Top of Provided data

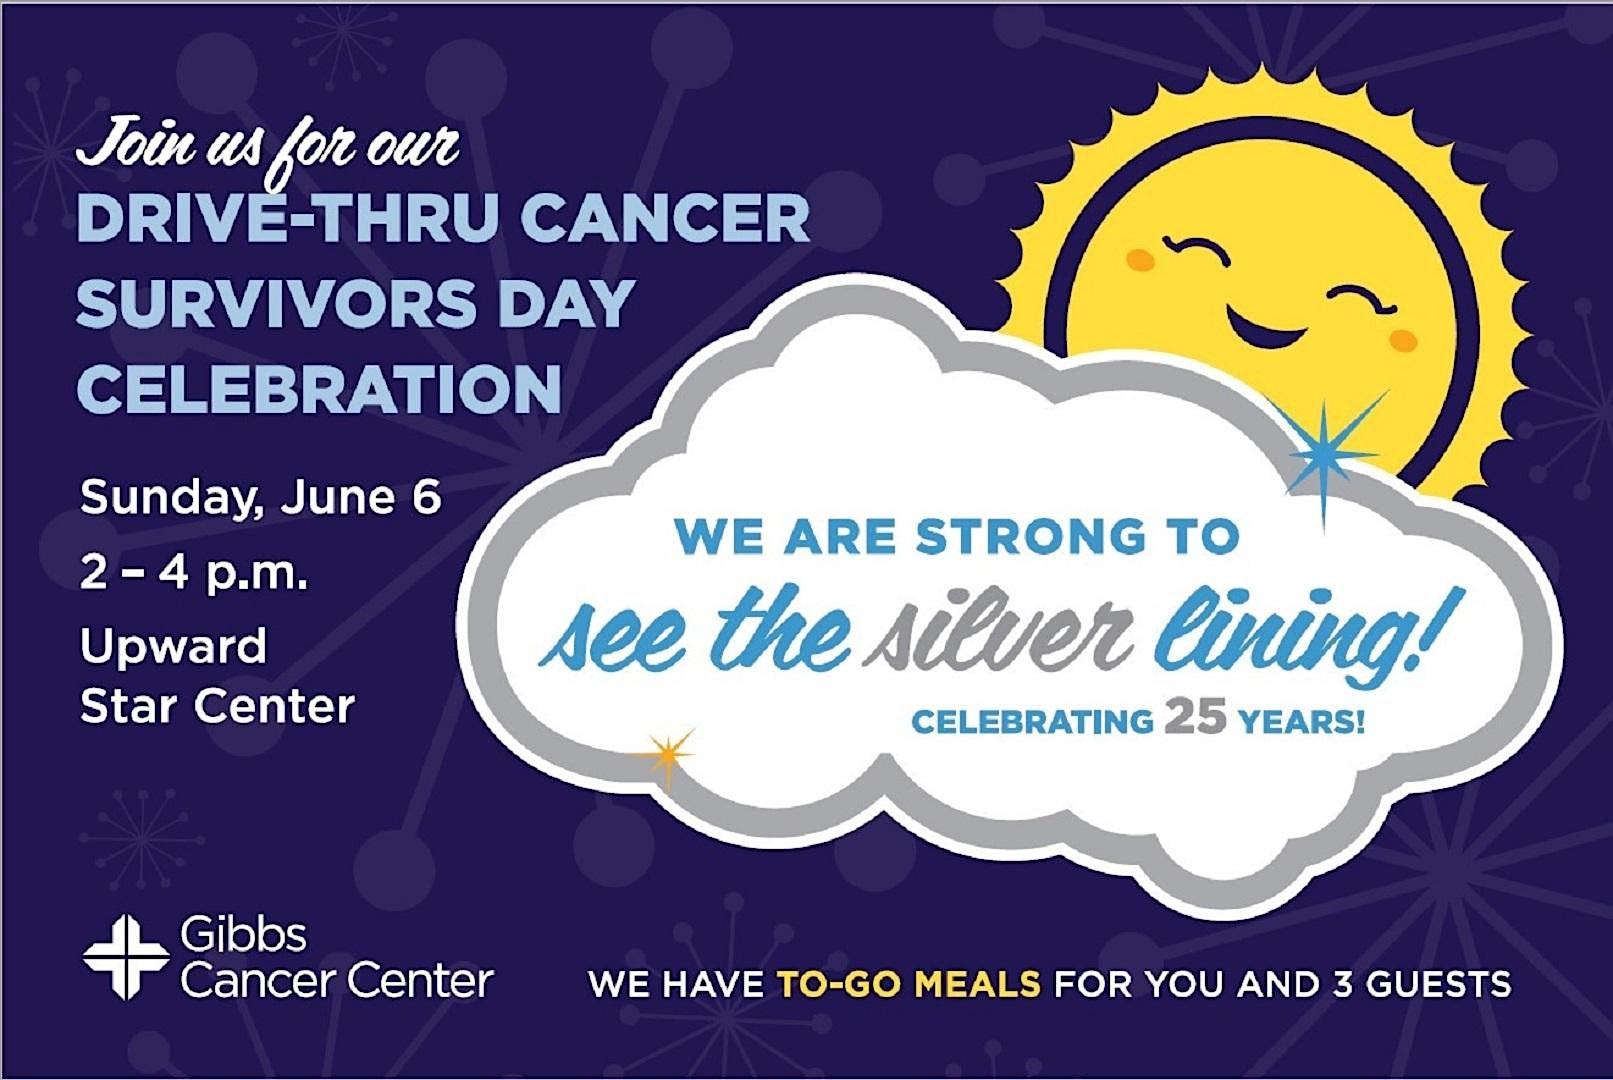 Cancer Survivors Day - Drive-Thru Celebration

Bottom of Provided data
Top of Provided data

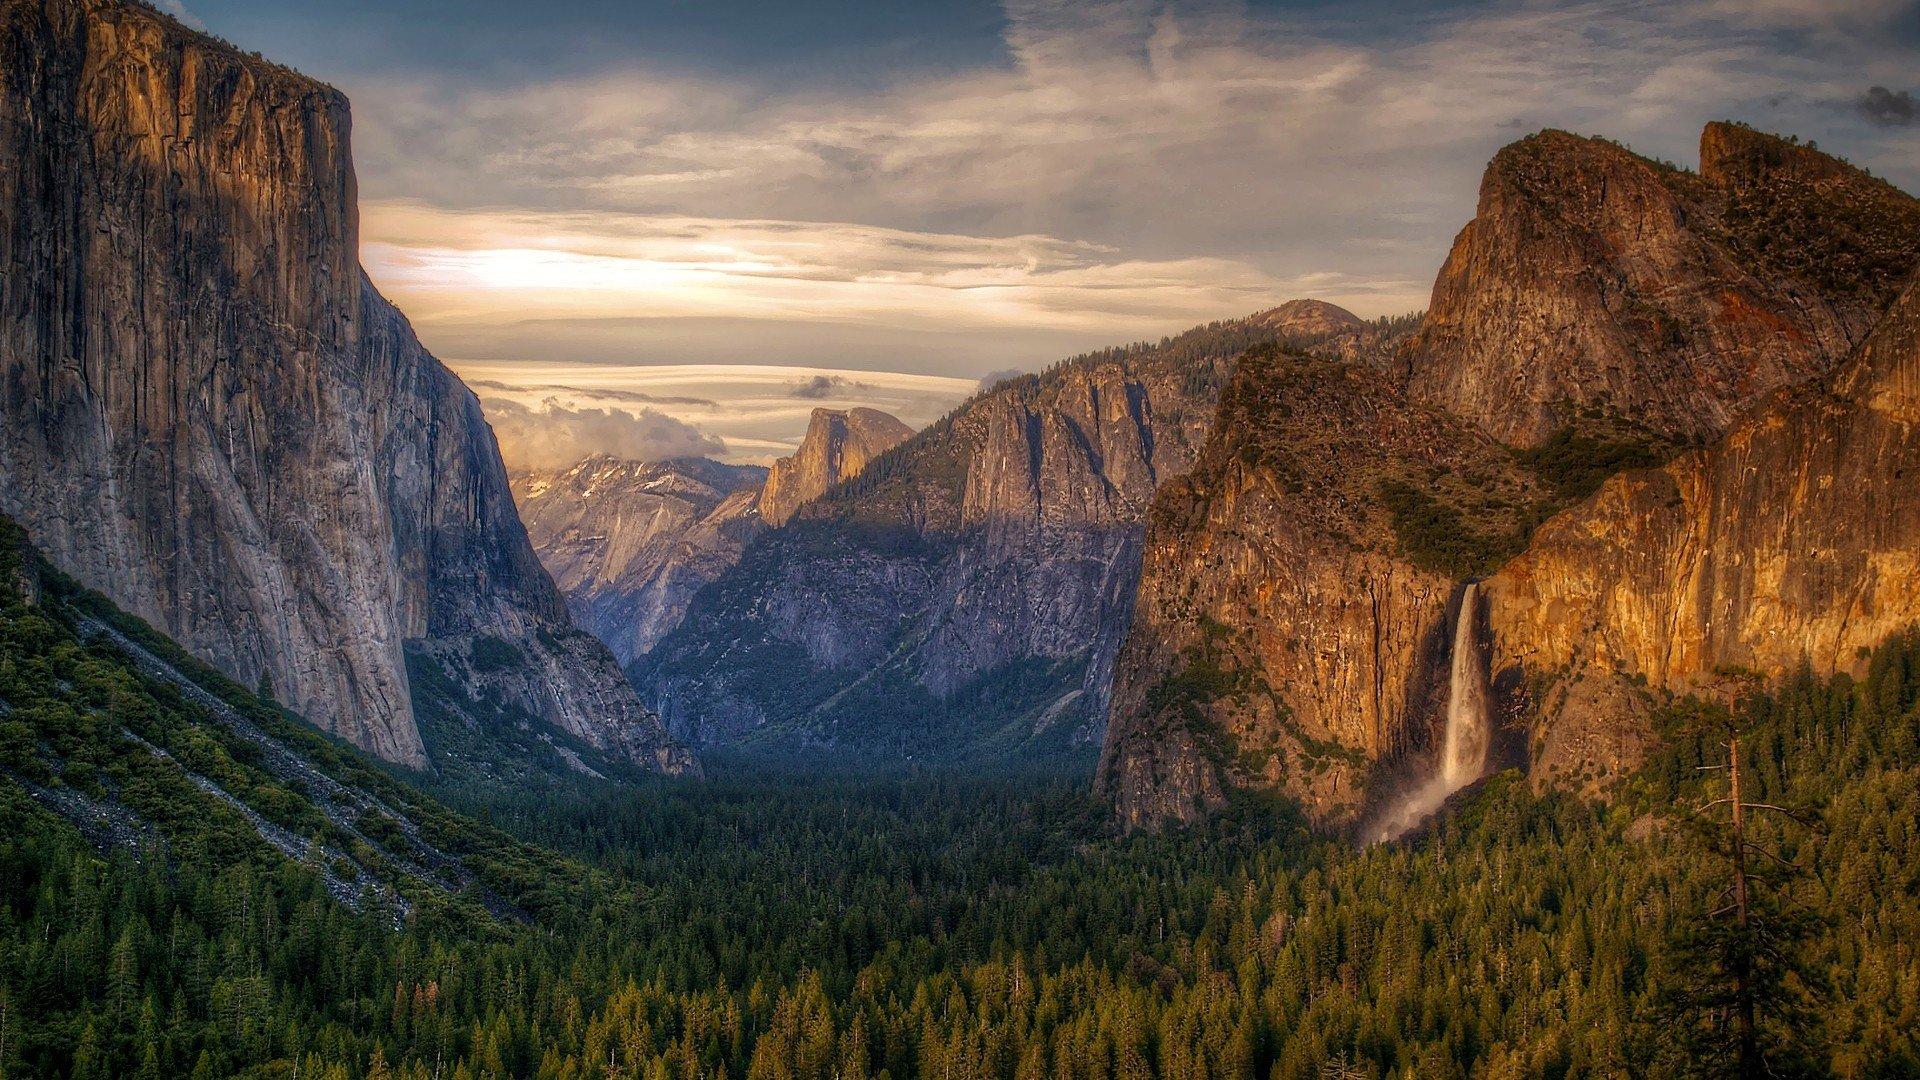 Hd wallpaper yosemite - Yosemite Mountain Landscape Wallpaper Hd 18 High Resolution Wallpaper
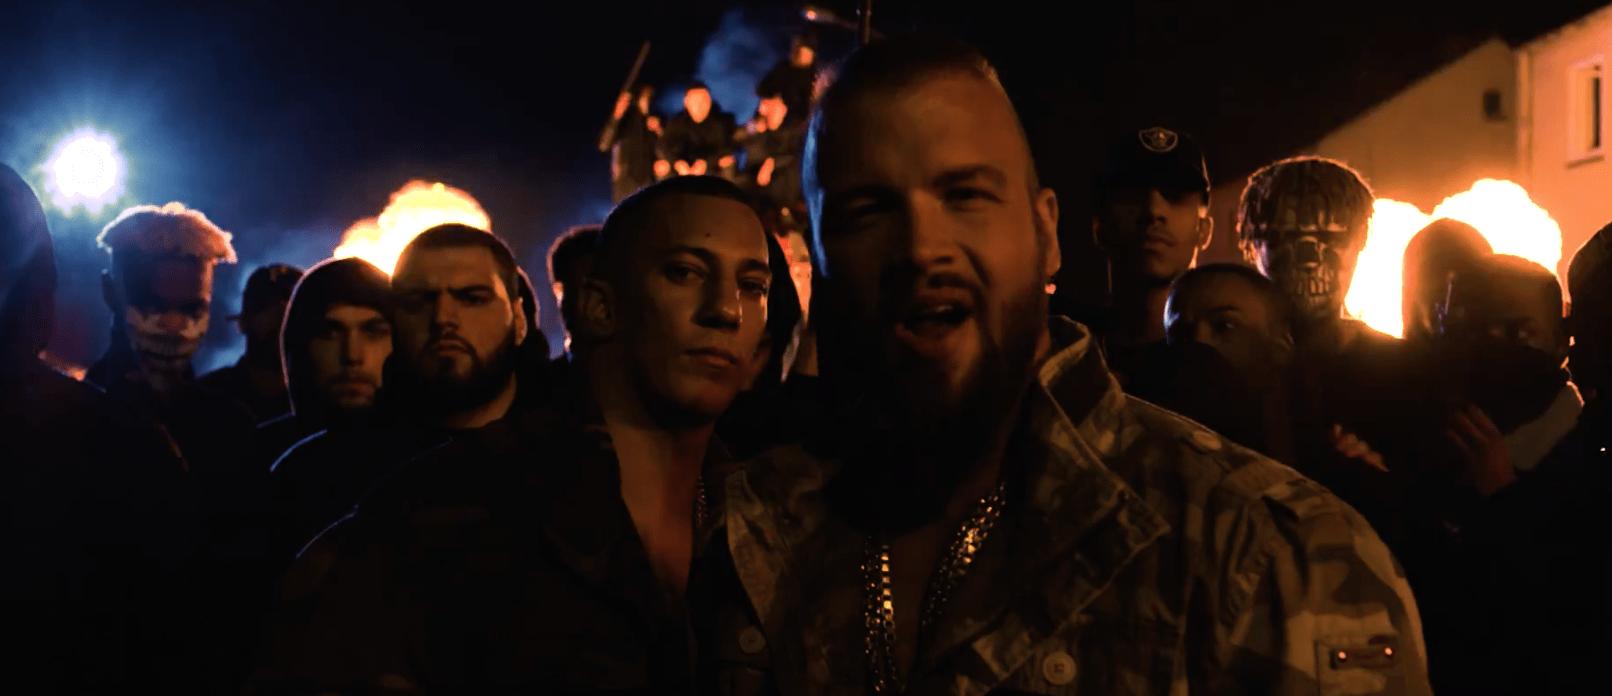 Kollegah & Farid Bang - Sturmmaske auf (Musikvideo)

Bottom of Provided data

Go to the line above that has "Hd wallpaper yosemite" and copy exactly from there down to the line that has "Kollegah & Farid", both included. Leave the pictures out.

Answer space
 Hd wallpaper yosemite - Yosemite Mountain Landscape Wallpaper Hd 18 High Resolution Wallpaper
 Kollegah & Farid Bang - Sturmmaske auf (Musikvideo)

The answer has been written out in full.